Given how tedious it can be to search for Frobenius series solutions to a given differential equation, it would be nice to have some "forecasting" information that would let us know:

When are we guaranteed to find a Frobenius series solution?
When are we guaranteed that the general solution can be represented by a Frobenius series?
If there is only one Frobenius series solution (up to scaling), how do we find another solution?

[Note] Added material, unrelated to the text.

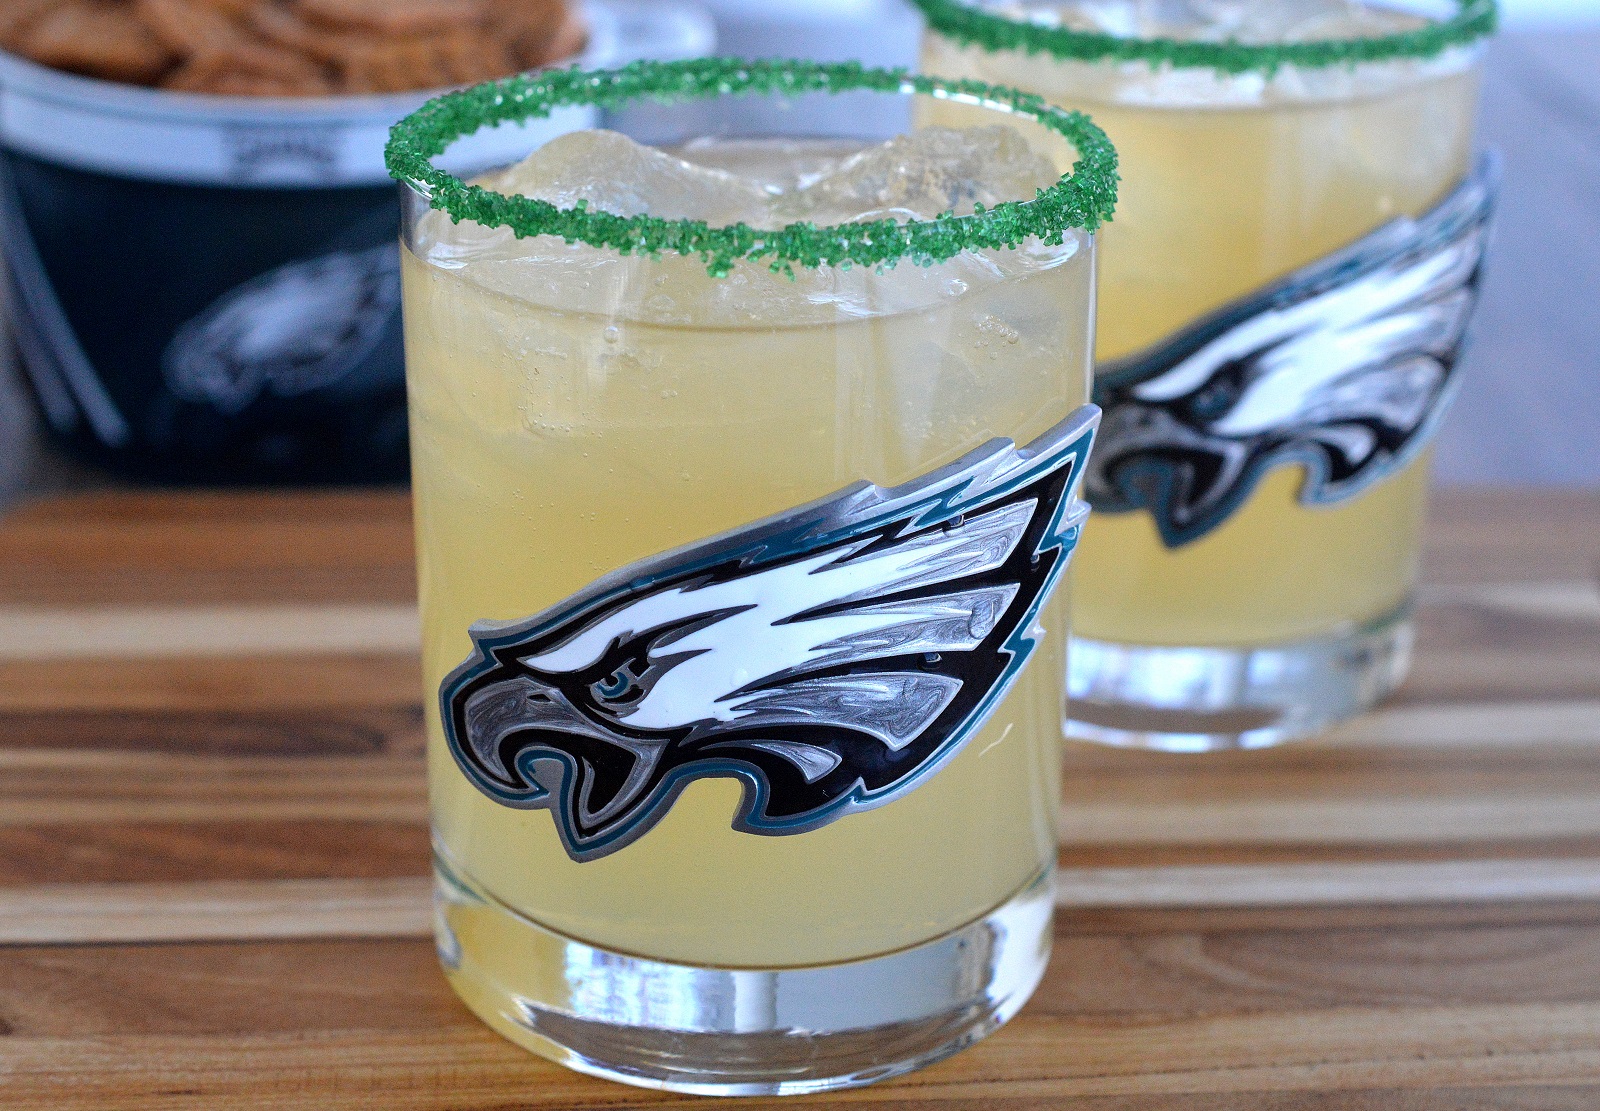 The Philadelphia Eagles Limebacker Cocktail

We will briefly outline answers to those questions here, although we won't provide any proofs or justifications. We simply summarize the situation

A measure of singularity

First we need a measure of "how bad" a singularity is for a (second-order, linear, homogeneous) differential equation.

Definition of regular singular point

Consider the differential equation

y^{″} + p (x) y^{'} + q (x) y = 0.

We say $x_{0}$ is a regular singular point of the differential equation if it is a singular point (i.e., either $p$ or $q$ is not analytic at $x_{0}$ ) but the functions $P (x) = (x - x_{0}) p (x)$ and $Q (x) = (x - x_{0})^{2} q (x)$ are analytic at $x_{0}$ .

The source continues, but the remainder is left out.